Gather every line below where "thumbnail" appears.
** Material provided follows **
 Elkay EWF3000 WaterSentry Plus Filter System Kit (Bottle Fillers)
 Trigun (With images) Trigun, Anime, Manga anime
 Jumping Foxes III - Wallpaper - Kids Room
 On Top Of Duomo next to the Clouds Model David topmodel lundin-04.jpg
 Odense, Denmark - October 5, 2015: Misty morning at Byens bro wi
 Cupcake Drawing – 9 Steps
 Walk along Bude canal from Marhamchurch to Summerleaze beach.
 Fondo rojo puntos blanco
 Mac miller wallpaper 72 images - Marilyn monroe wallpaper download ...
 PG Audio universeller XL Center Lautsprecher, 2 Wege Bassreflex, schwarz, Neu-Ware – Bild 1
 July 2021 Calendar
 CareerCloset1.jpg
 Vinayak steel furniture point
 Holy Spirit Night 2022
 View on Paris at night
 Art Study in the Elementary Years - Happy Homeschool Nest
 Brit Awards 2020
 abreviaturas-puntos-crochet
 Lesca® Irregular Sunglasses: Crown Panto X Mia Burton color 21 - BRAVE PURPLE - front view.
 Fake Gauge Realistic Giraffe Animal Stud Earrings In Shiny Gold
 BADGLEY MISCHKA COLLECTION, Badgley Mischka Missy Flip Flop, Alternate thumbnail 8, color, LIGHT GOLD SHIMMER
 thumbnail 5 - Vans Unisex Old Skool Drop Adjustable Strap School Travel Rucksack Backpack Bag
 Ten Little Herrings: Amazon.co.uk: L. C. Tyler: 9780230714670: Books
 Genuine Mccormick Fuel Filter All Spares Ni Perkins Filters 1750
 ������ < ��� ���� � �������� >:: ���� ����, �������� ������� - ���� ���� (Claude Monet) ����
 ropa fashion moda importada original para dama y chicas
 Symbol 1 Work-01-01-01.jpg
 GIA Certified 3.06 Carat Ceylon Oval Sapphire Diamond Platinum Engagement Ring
** End of Material provided **
Answer –
 BADGLEY MISCHKA COLLECTION, Badgley Mischka Missy Flip Flop, Alternate thumbnail 8, color, LIGHT GOLD SHIMMER
 thumbnail 5 - Vans Unisex Old Skool Drop Adjustable Strap School Travel Rucksack Backpack Bag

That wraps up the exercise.